Git Product home page Git Product logo

spark-cep's Introduction

Spark CEP

Spark CEP is a stream processing engine on top of Apache Spark supporting continuous query language. It has following improvements comparing to the existing Spark Streaming query engines.

  • Support more efficient windowed aggregation.
  • Support "Insert Into" query.

##Quick Start

###Creating StreamSQLContext

StreamSQLContext is the main entry point for all streaming sql related functionalities.
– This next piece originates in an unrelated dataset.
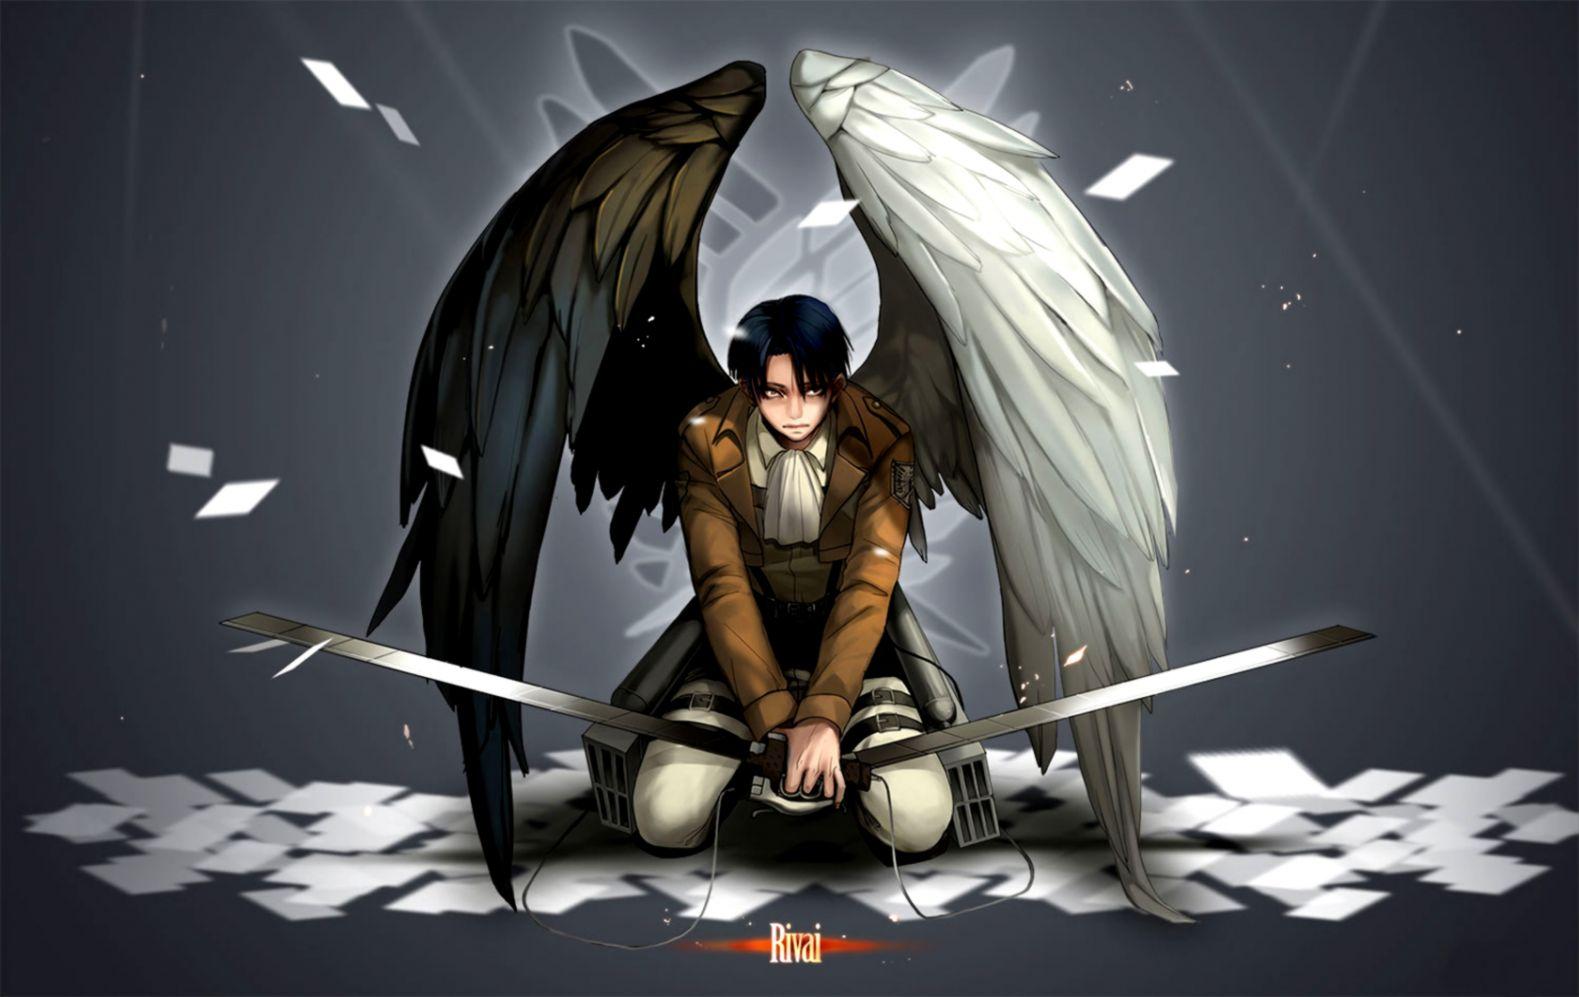 Anime Angel Wings Wallpaper 2015 Hd Mobile Wallpapers

StreamSQLContext can be created by:

val ssc: StreamingContext
val sqlContext: SQLContext
    
val streamSqlContext = new StreamSQLContext(ssc, sqlContext)

Or you could use HiveContext to get full Hive semantics support, like:

val ssc: StreamingContext
val hiveContext: HiveContext

val streamSqlContext = new StreamSQLContext(ssc, hiveContext)

###Running SQL on DStreams

case class Person(name: String, age: String)

// Create an DStream of Person objects and register it as a stream.
val people: DStream[Person] = ssc.socketTextStream(serverIP, serverPort)
  .map(_.split(","))
  .map(p => Person(p(0), p(1).toInt))
    
val schemaPeopleStream = streamSqlContext.createSchemaDStream(people)
schemaPeopleStream.registerAsTable("people")
    
val teenagers = sql("SELECT name FROM people WHERE age >= 10 && age <= 19")
    
// The results of SQL queries are themselves DStreams and support all the normal operations
teenagers.map(t => "Name: " + t(0)).print()
ssc.start()
ssc.awaitTerminationOrTimeout(30 * 1000)
ssc.stop()

###Stream Relation Join

val userStream: DStream[User]
streamSqlContext.registerDStreamAsTable(userStream, "user")
    
val itemStream: DStream[Item]
streamSqlContext.registerDStreamAsTable(itemStream, "item")
    
sql("SELECT * FROM user JOIN item ON user.id = item.id").print()
    
val historyItem: DataFrame
historyItem.registerTempTable("history")
sql("SELECT * FROM user JOIN item ON user.id = history.id").print()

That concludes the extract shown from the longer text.